To paraphrase the opening tone-setting tale “Portrait of a Chair” – an account of duality and consciousness narrated by a main character-turned-armchair — these entries are ones of potential “frisson, not exactly of pleasure, but certainly of a kind of alertness, a sense of being alive, and for a purpose. ”I’m not sure if the ideas and images in “Portrait of a Chair” (which evokes for me a featured piece of ostensibly anthropomorphic furniture in Neil Diamond’s “I Am, I Said”), dissipate entirely in another cautionary tale of interior décor, but “Nowhere Room” traces a miniature portrait of a boy forced to spend his formative years wedged in the wooden floor of his room. Kid-tested, Mom-reproofed!

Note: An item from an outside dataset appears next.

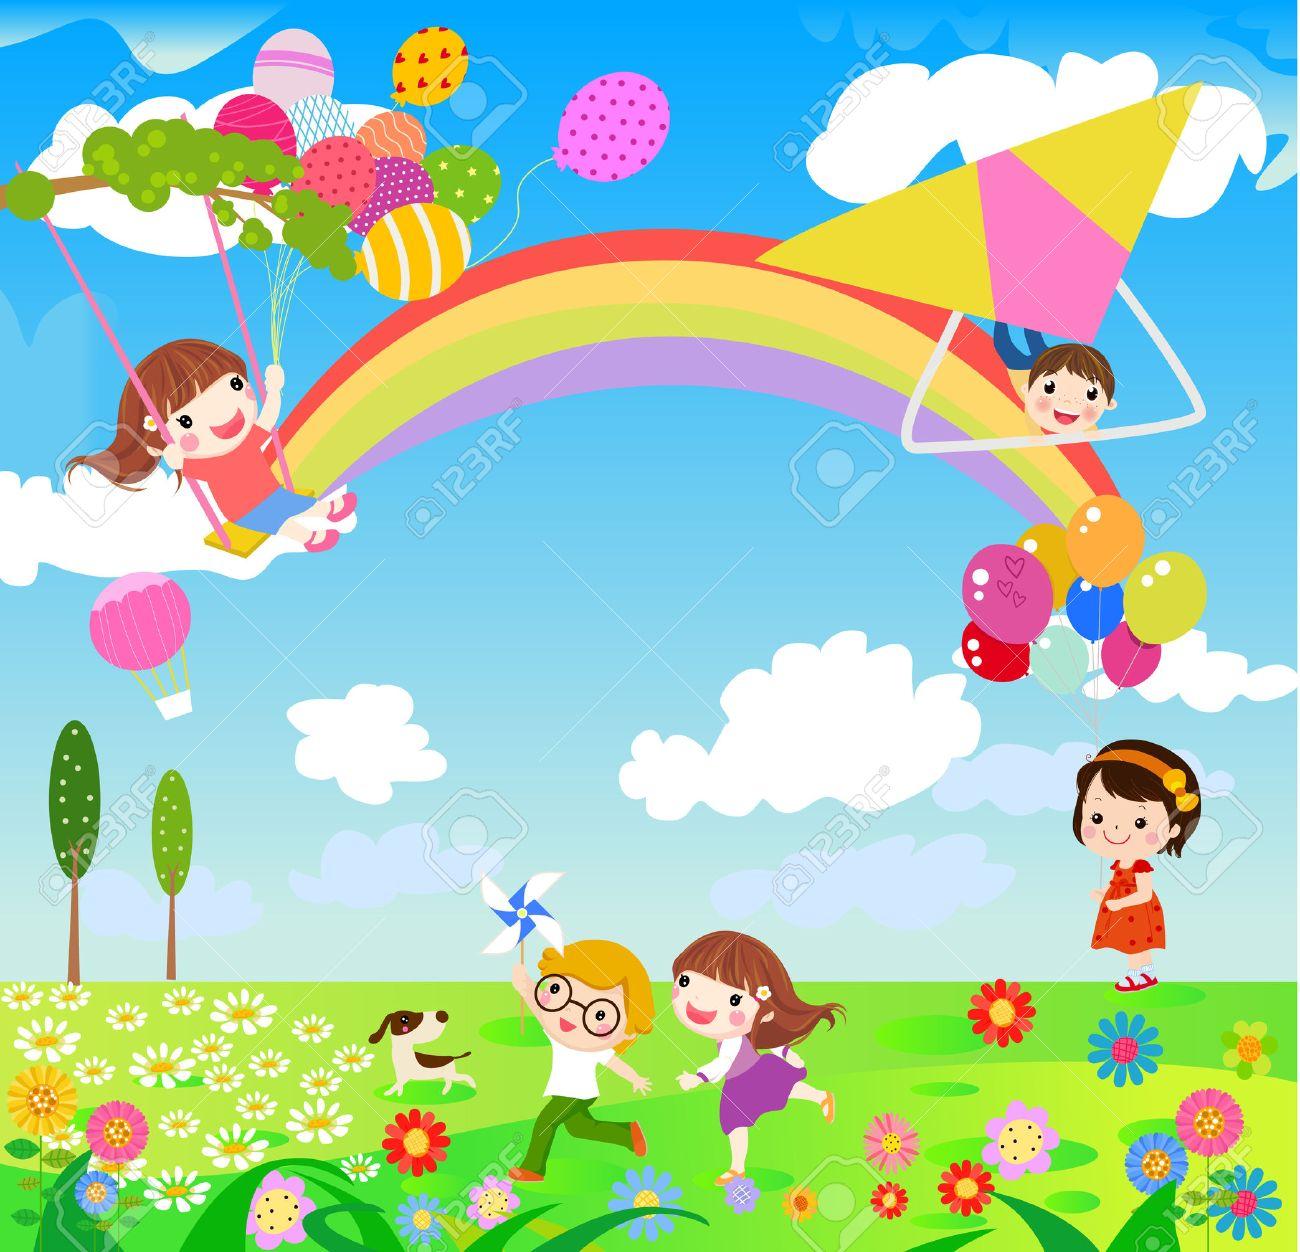 Illustration Of Children Having Fun Playing Outdoor During Spring ...

This kind of curt quirkiness and characterization finds more extended wordplay and repartee in such accounts as Julie Sokolow’s “The Lobster Kaleidoscope,” as it probes an inter-species love that dares not speak its coordinates. More stylistically, clipped forms of experimental lit lie in bite-size increments peppering the prose of “Instance” by John Cairns, marked as well with self-referential torn-wall asides (“Somebody’s reading this! I felt something. I’m a character in a story. Am I being read now?”). And the seemingly straightforward narrative of Katherine Khorey’s “Autumn Jewel” still makes for an intriguingly enigmatic portrait of a teen coping with the death of an older sister. In poetry, the striking verse of Jeremy Reed’s “Rock ‘N’ Roll Suicides” expressively counts off the deaths of “excess bingers hallucinating in the drop / into the roaring underground.”
Putting a primacy on showcasing writers who “would like to create language which is like … bared teeth,” Justin Isis notes how “Perfection of such writing is not the end result….The stories in this book which escape boredom do so by corrupting their own forms, digesting themselves.” It’s not fast food for thought, however, even as Isis goes on to declare, “Feel free to eat this book, tear out any pages which displease you, add corrections and emendations. Feel free, as always, to write lies in the Book of Life.” A truer characterization of unbridled rebel spirit and richly attitudinal contents under pressure could not be made.